The training dataset includes a split of 90% training and 10% validation data. The dataset is organized into training, validation, and testing sets. Test transform use on test and validation dataset.
- The selected model architecture is 'efficientvit_m3,' loaded with pre-trained weights.
- A custom PyTorch Lightning module is defined for training and evaluation.
- Training is conducted for a specified number of epochs (e.g., 20) using a 16-bit precision.
- Model checkpoints are saved during training.

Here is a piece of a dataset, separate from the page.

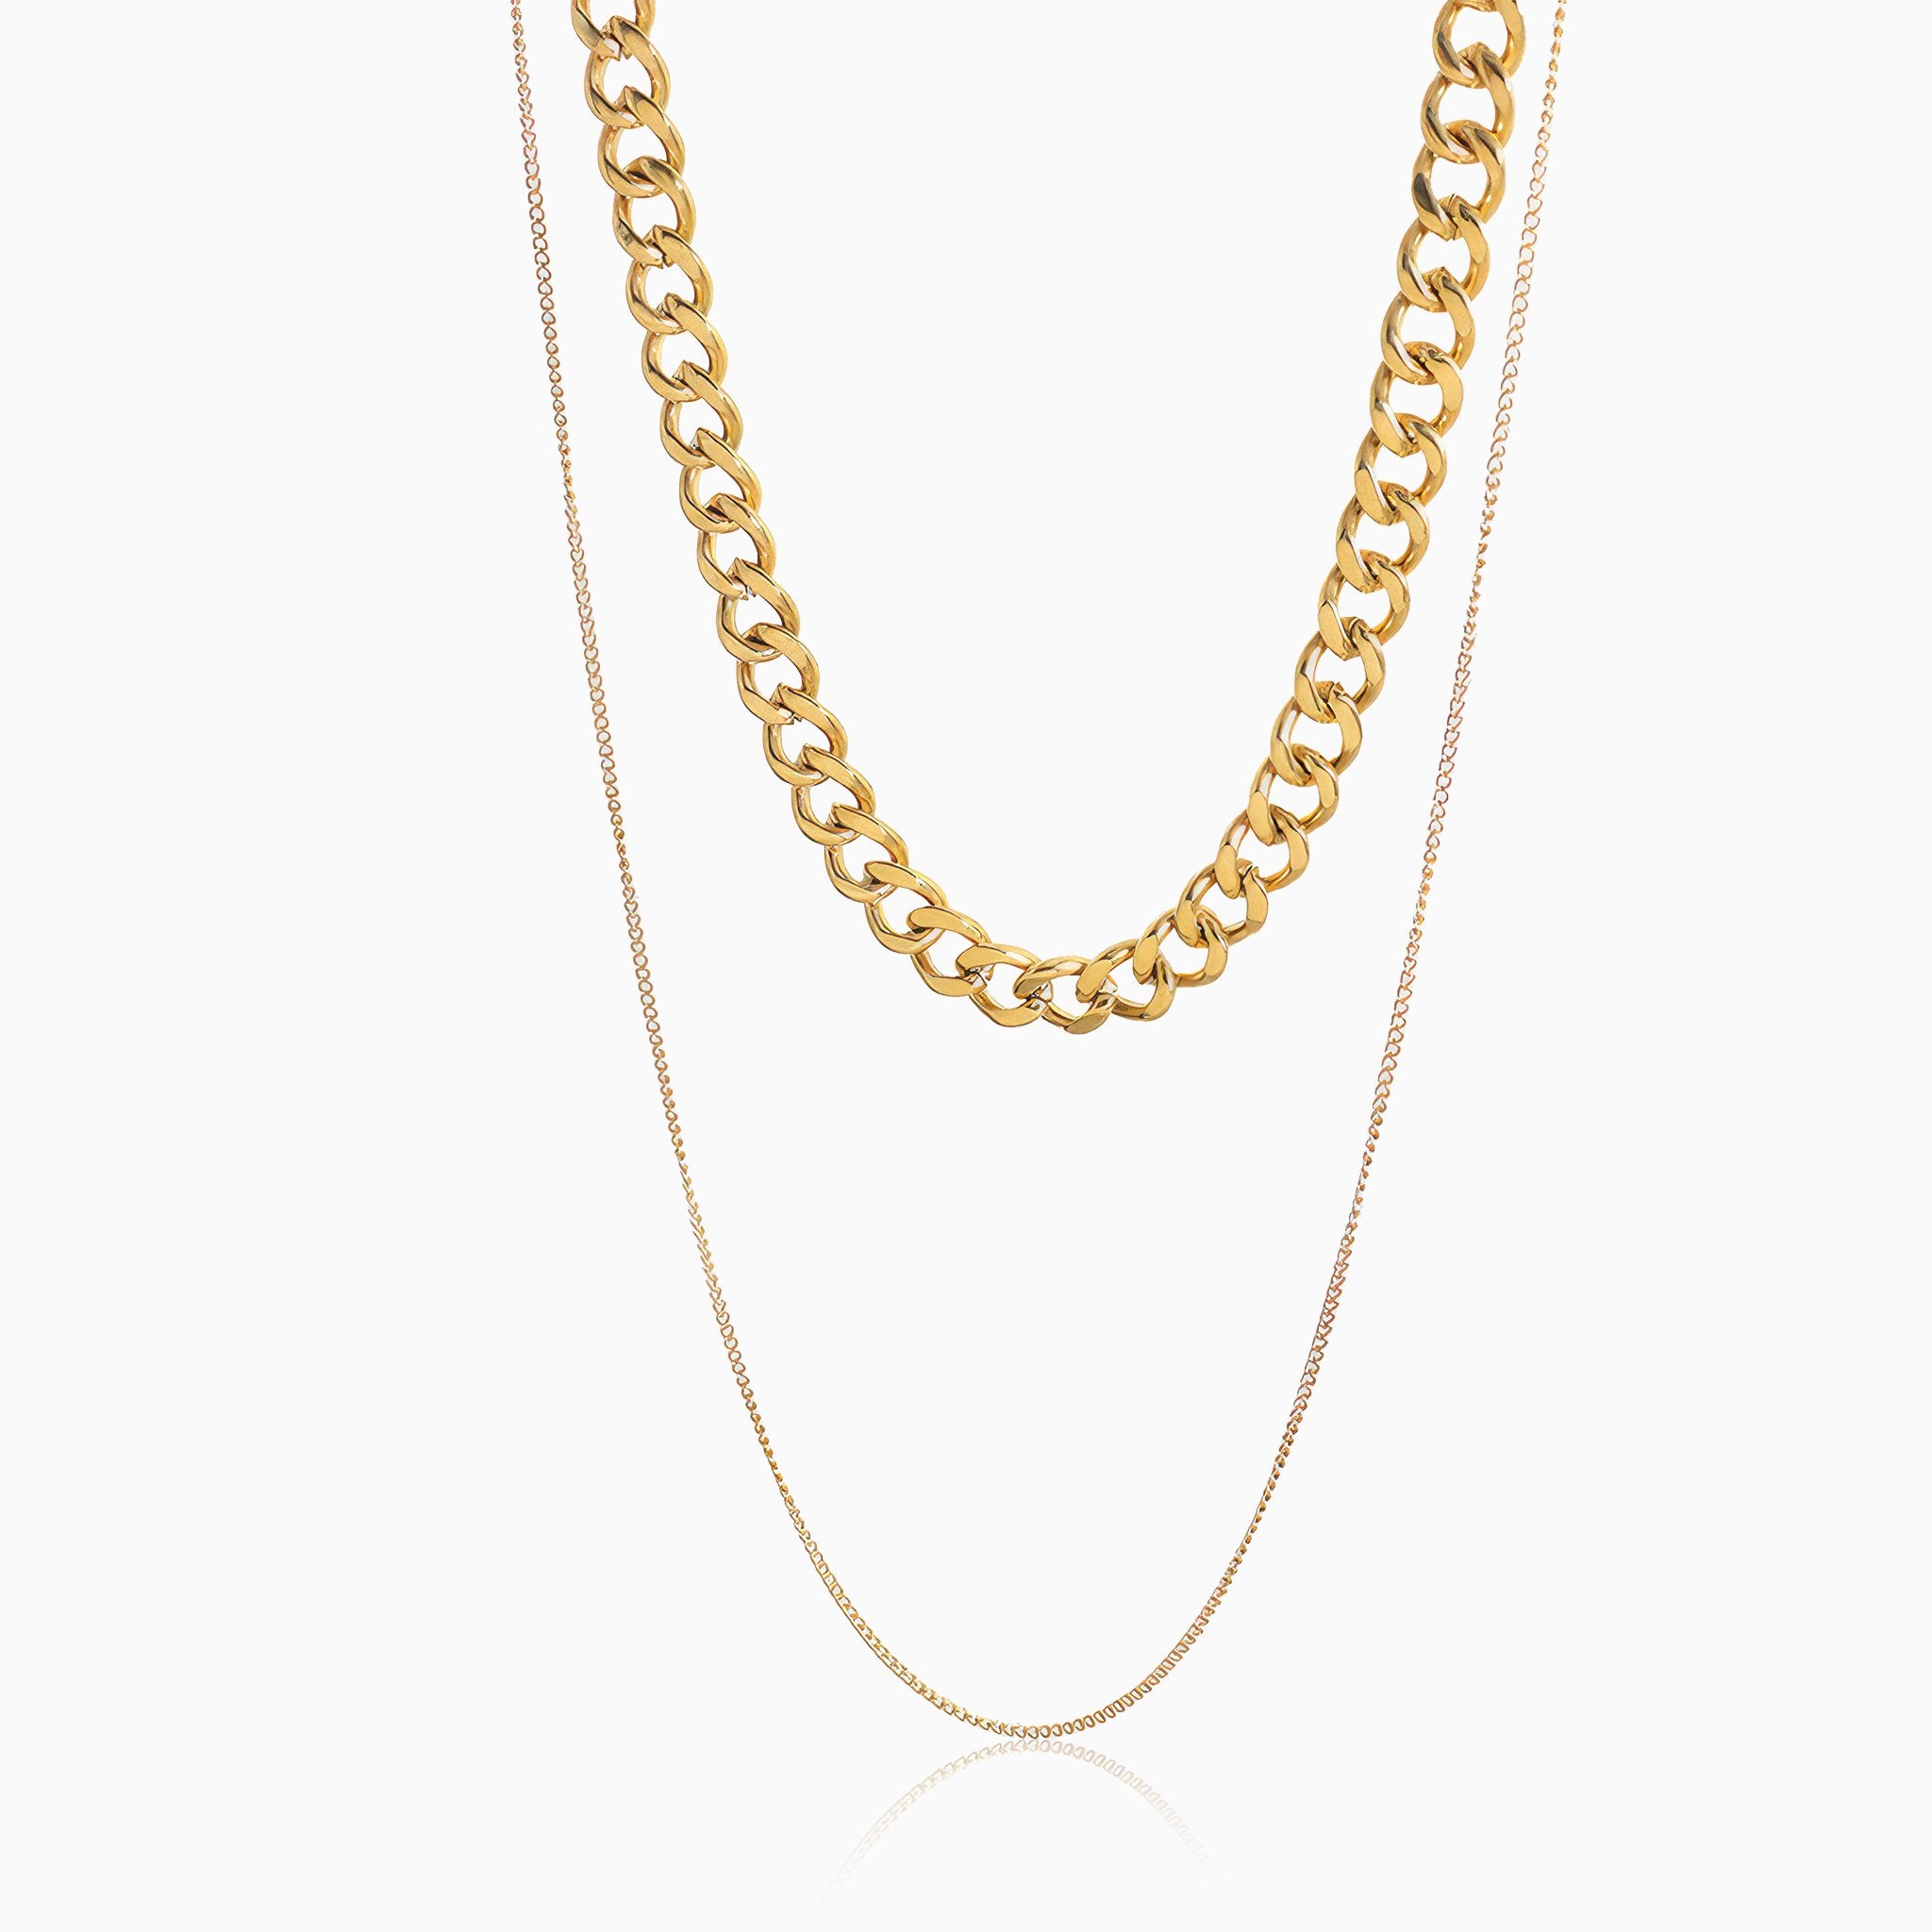 Double Layer Thick & Thin Chain Necklace - Nobbier - Necklace - 18K Gold And Titanium PVD Coated Jewelry

- During training, various metrics are logged:
- Accuracy
- Top-3 Accuracy
- Top-5 Accuracy
- F1 Score
- Loss
- Metrics are tracked for both the training and validation datasets.
- Train Accuracy: 0.9688
- Train Top-3 Accuracy: 1.0000
- Train Top-5 Accuracy: 1.0000
- Train Loss: 0.1443
- Train F1 Score: 0.9773
- Validation Accuracy: 0.9016
- Validation Top-3 Accuracy: 1.0000
- Validation Top-5 Accuracy: 1.0000
- Validation Loss: 0.2466
- Validation F1 Score: 0.8930
- Test Accuracy: 0.9049
- Test Top-3 Accuracy: 0.9994
- Test Top-5 Accuracy: 1.0000
- Test Loss: 0.2621
- Test F1 Score: 0.5420
The code then loops through a directory containing images, loading each image one by one. For each image:
-
The image is preprocessed using the same transformation used during training. This typically includes resizing and normalization.
-
A forward pass is made through the EfficientViT model. This results in a set of features for the image.
-
The features are flattened into a one-dimensional tensor.
-
A linear layer is added to further reduce the dimensionality of the features to 2600 dimensions.
-
The features are converted to a NumPy array.
-
The class label (inferred from the subdirectory of the image) is appended to the end of the feature array.
-
The image filename is used as a unique identifier, and the feature array is stored in a dictionary with the filename as the key.
-
Feature Extraction: Features are extracted from images using a pre-trained model and flattened.
-
Data Preparation: Extracted features are converted into a DataFrame for further processing.
-
Label Encoding: Class labels are encoded for classification.
-
Standardization: Feature values are standardized to have zero mean and unit variance.
-
Linear Discriminant Analysis (LDA): LDA is applied to reduce feature dimensionality to 7 components.
For image classification, we employ several machine learning classifiers on two types of features: EfficientViTM3 features and concatenated model features. Here are the results for each classifier:
Model | Accuracy |
---|---|
Random Forest | 0.88 |
LightGBM | 0.88 |
Support Vector Machine (SVM) | 0.875 |
k-Nearest Neighbors (KNN) | 0.86 |
Adaboost | 0.745 |
Model | Accuracy |
---|---|
Random Forest | 0.99625 |
Support Vector Machine (SVM) | 0.99625 |
k-Nearest Neighbors (KNN) | 0.99625 |
LightGBM | 0.99625 |
Adaboost | 0.9925 |
In this task, I demonstrated the process of utilizing a pre-trained EfficientViT model for image feature extraction, dimensionality reduction with LDA, and image classification using various machine learning classifiers. The results showed that the concatenated model features significantly outperformed the EfficientViTM3 features across all classifiers, indicating the effectiveness of the feature transformation process.
The use of deep learning models for feature extraction followed by machine learning classifiers allows for robust image classification in various applications, including object recognition, content-based image retrieval, and more. The choice of classifiers should be based on the specific requirements and characteristics of the dataset, and hyperparameter tuning can further improve classification performance. Overall, this approach provides a valuable framework for leveraging pre-trained models and machine learning techniques for image analysis tasks.